New congress to deal with earmark issues

The Tea Partiers who made it into office are trying to do something sane for a change and ban earmarks. Apparently not everyone agrees, specifically Senate GOP leader Mitch McConnell. A recent article listed a quote from him from Meet the Press.

He said, “The earmark issue is about discretion—about an argument between the executive branch and the legislative branch over how funds should be spent, there are many members of my conference who have said, ‘I don’t want the president to make all the decisions about how the funds are spent that might be allocated in my state.”

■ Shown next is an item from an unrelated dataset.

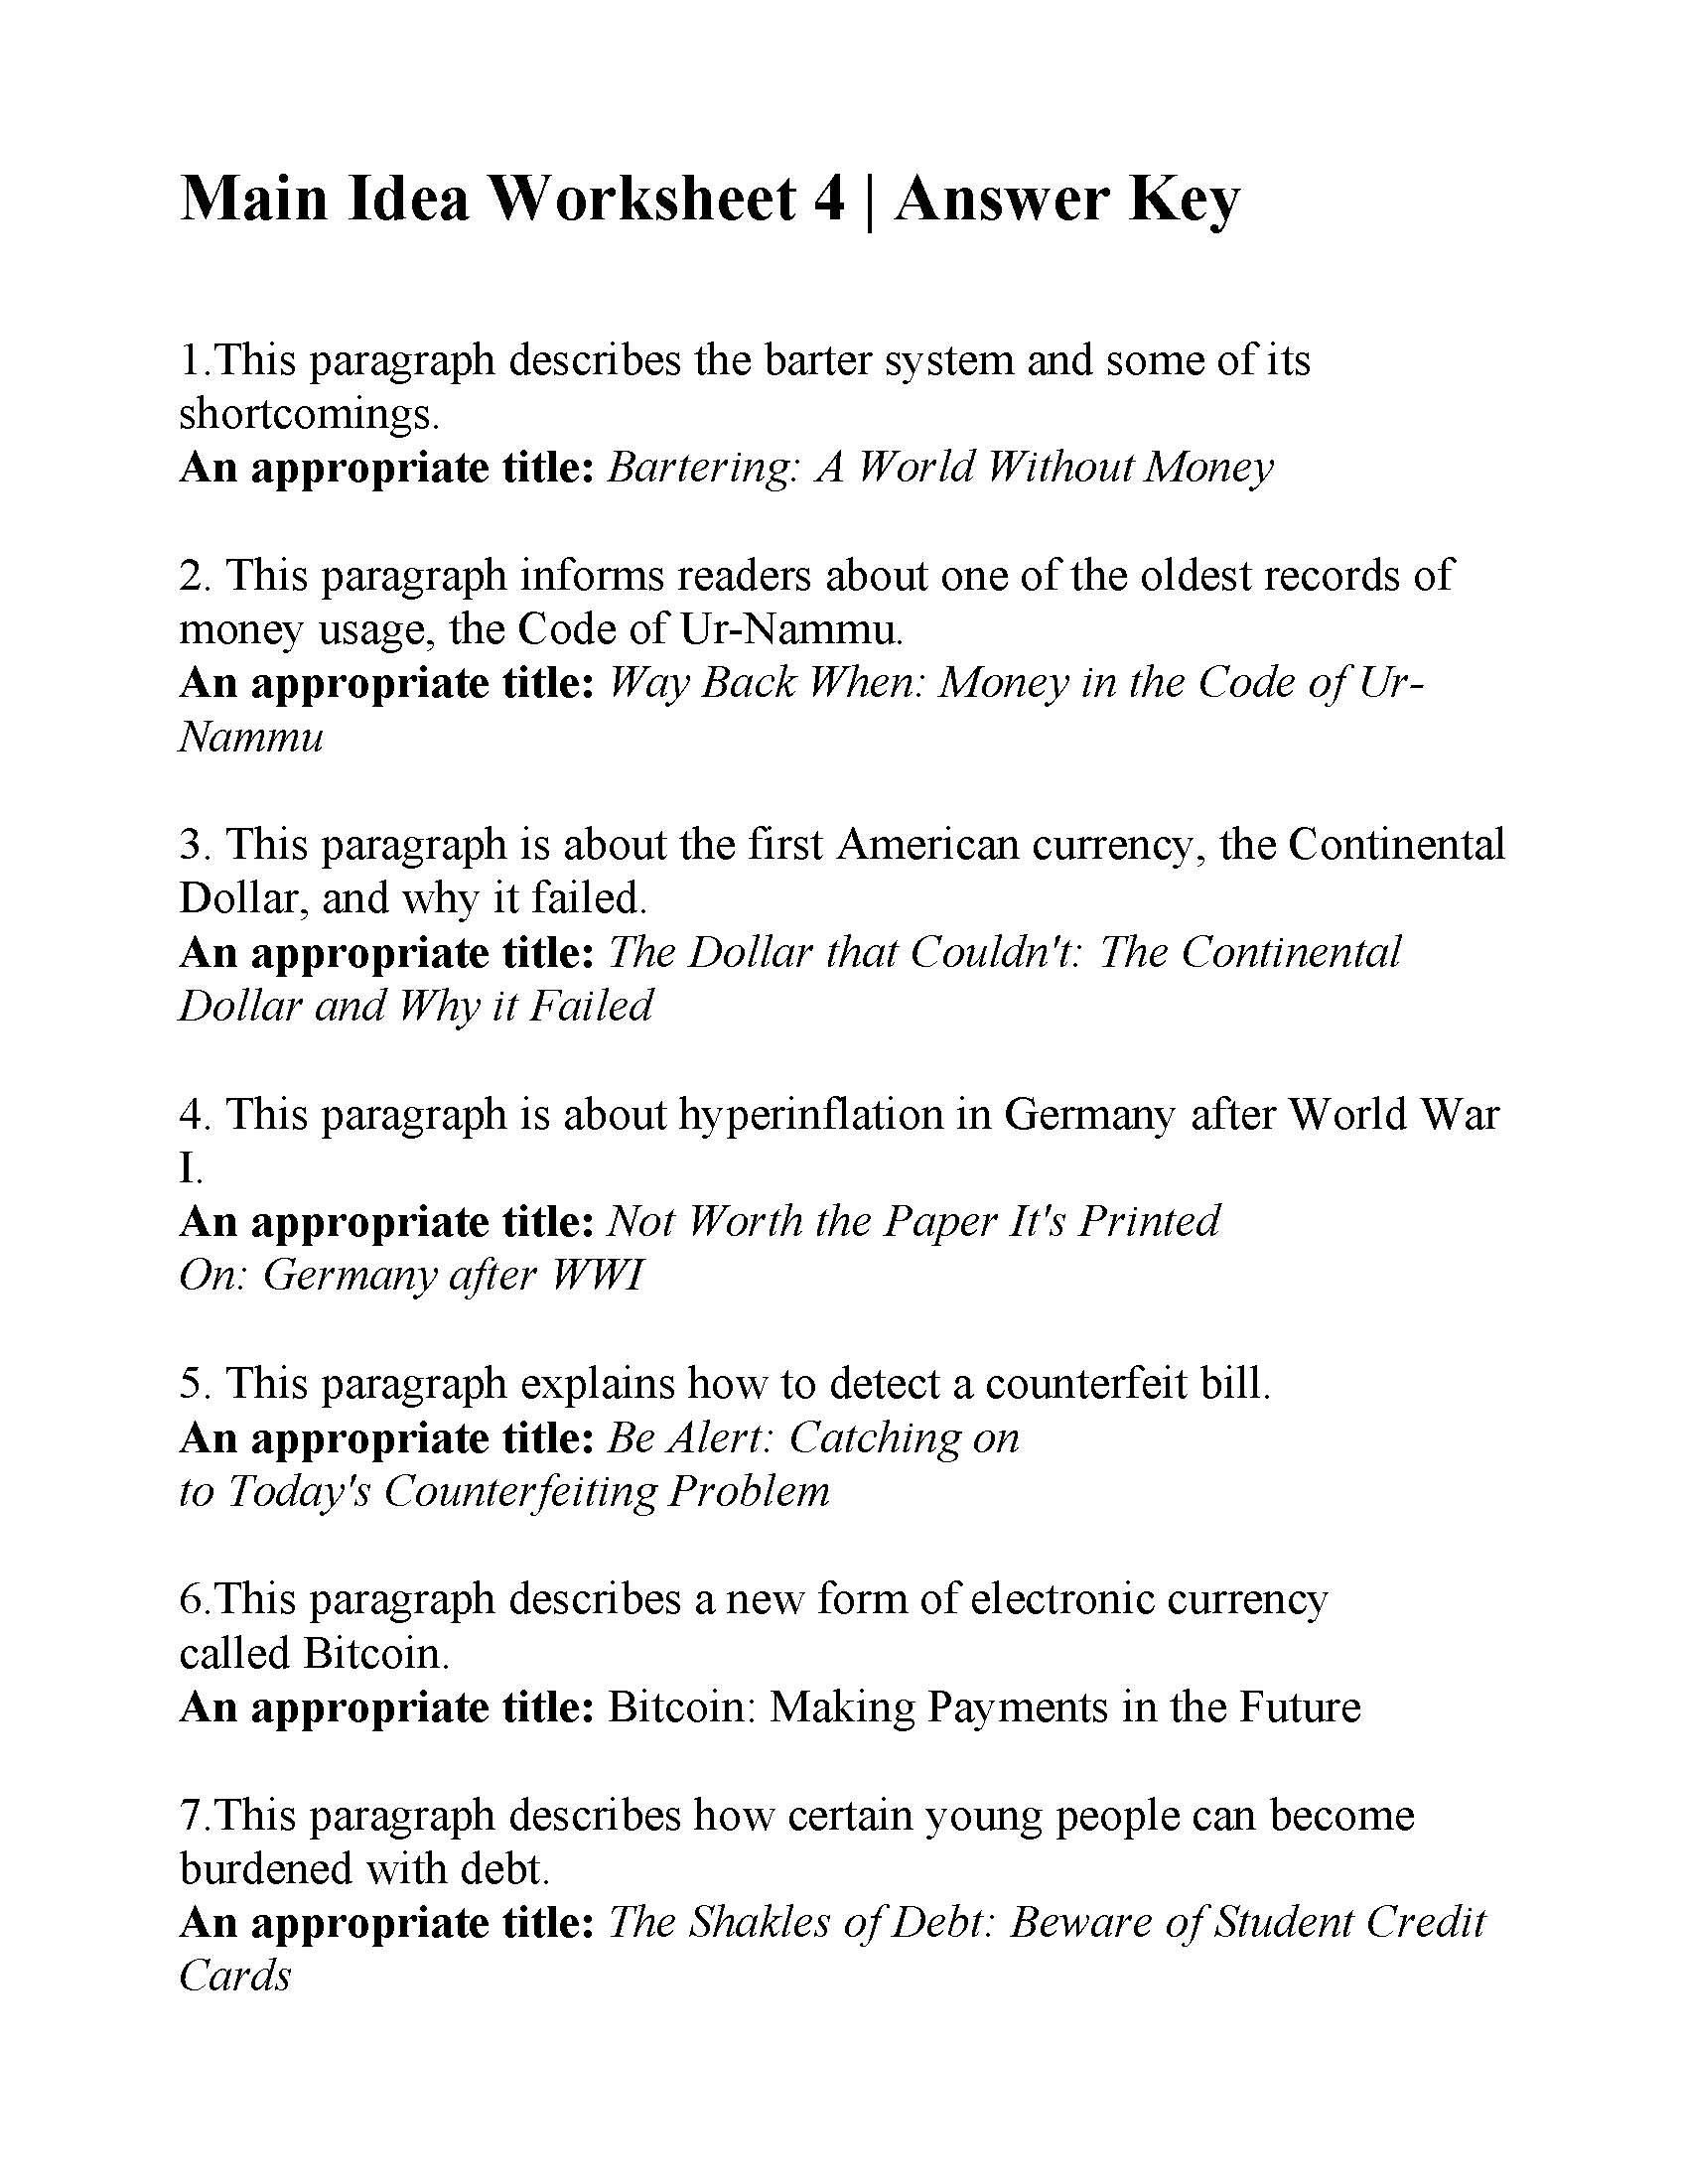 Main Idea Worksheet 4  Answers In Main Idea Worksheets

Republican leaders are not happy with this division according to a Politico article, because:
“McConnell is seeking to avoid an all-out public battle among his GOP colleagues over earmarks before the new Congress starts. He also wants to avoid alienating the Tea Party movement and conservative activists who helped win six Senate seats for Republicans on Election Day – victories that dramatically strengthened McConnell’s hand as he plans to battle the White House over repealing health care reform, retaining Bush-era tax cuts and reining in federal spending.”

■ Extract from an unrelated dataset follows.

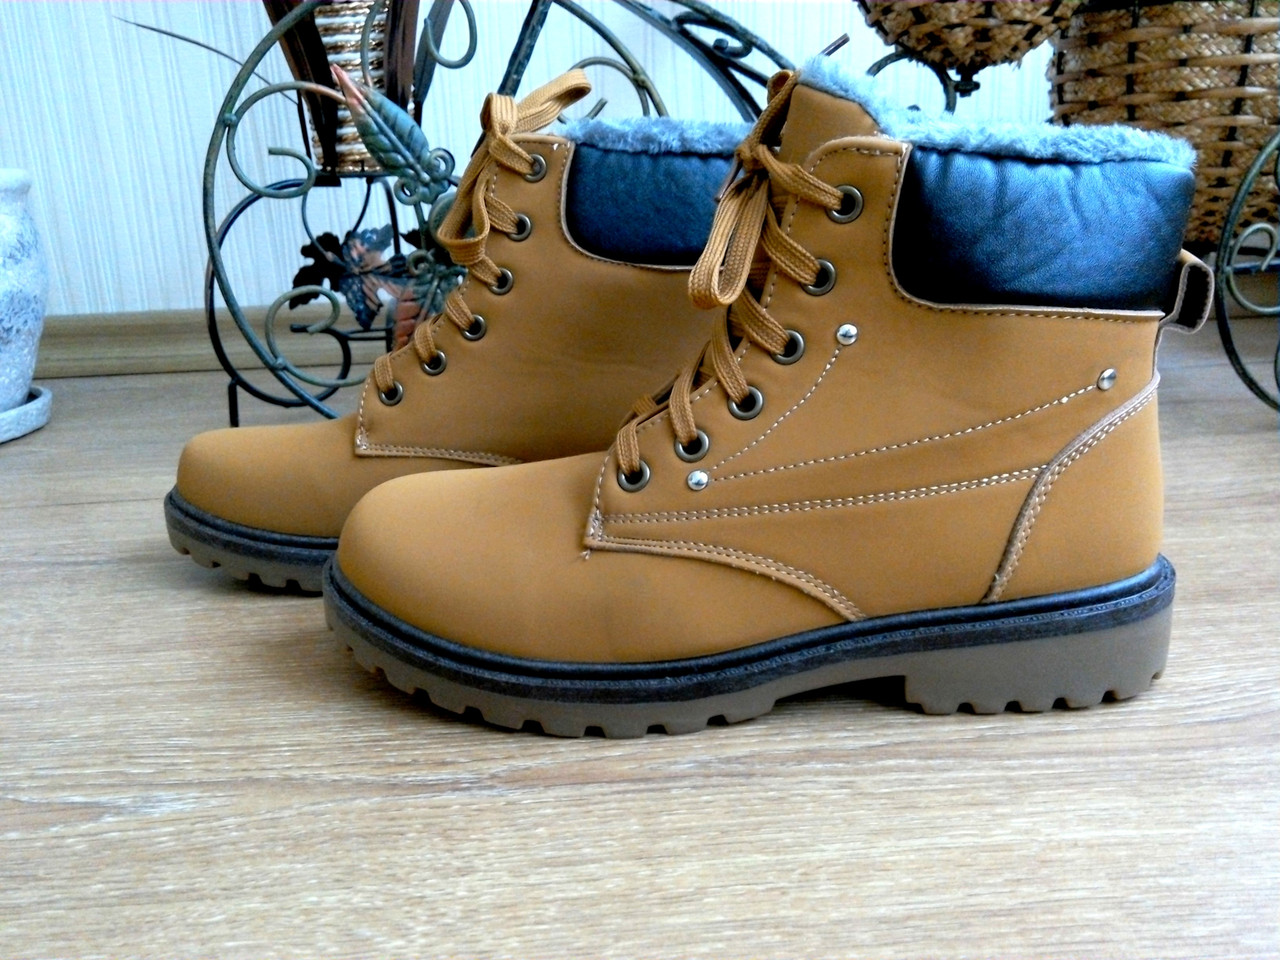 Мужские ботинки. Зимние ботинки. Стильные ботинки. Ботинки 2015

In other words, he doesn’t want the division caused by the Tea Party movement to widen. He has a good point; the solidarity of the Republican Party has been its strongest point for years. For better or for worse, it’s been what the GOP leadership could count on most.

With it being threatened, it’s not surprising some people are going to be worried. Taking it out on decent legislation is probably not the best way to deal with it, however. This division in the party looks to be long-lasting, and if so, any attempts to stop it are a waste of time.

Rather than try and keep the party together, Republican leaders might be better off looking for a more rational, less extreme base upon which to rebuild their party. Actually dealing with the earmark problem may be a good start.

Actually working to solve the issue would be a good PR move, as earmarks tend to be unpopular among voters – at least as long as it’s someone else’s state. Solving the earmark problem would alienate part of the Republican Party, true, but the part that stayed would be a good base for use as PR for a kinder, better less out-of-touch party.

Not surprisingly, the Politico article mentioned it is often younger politicians who are against the earmark ban. Others are against it as well, but it looks like a close vote, according to the article.

Either this vote could prove to be great benefit or a great detriment to the Republican Party. If they can show they’re serious about curtailing wasteful spending, this is a great time to prove it. Or they could prove once again how out of touch with modern America they really are. Allowing the Tea Party movement to gain strength and political legitimacy. The choice is up to them.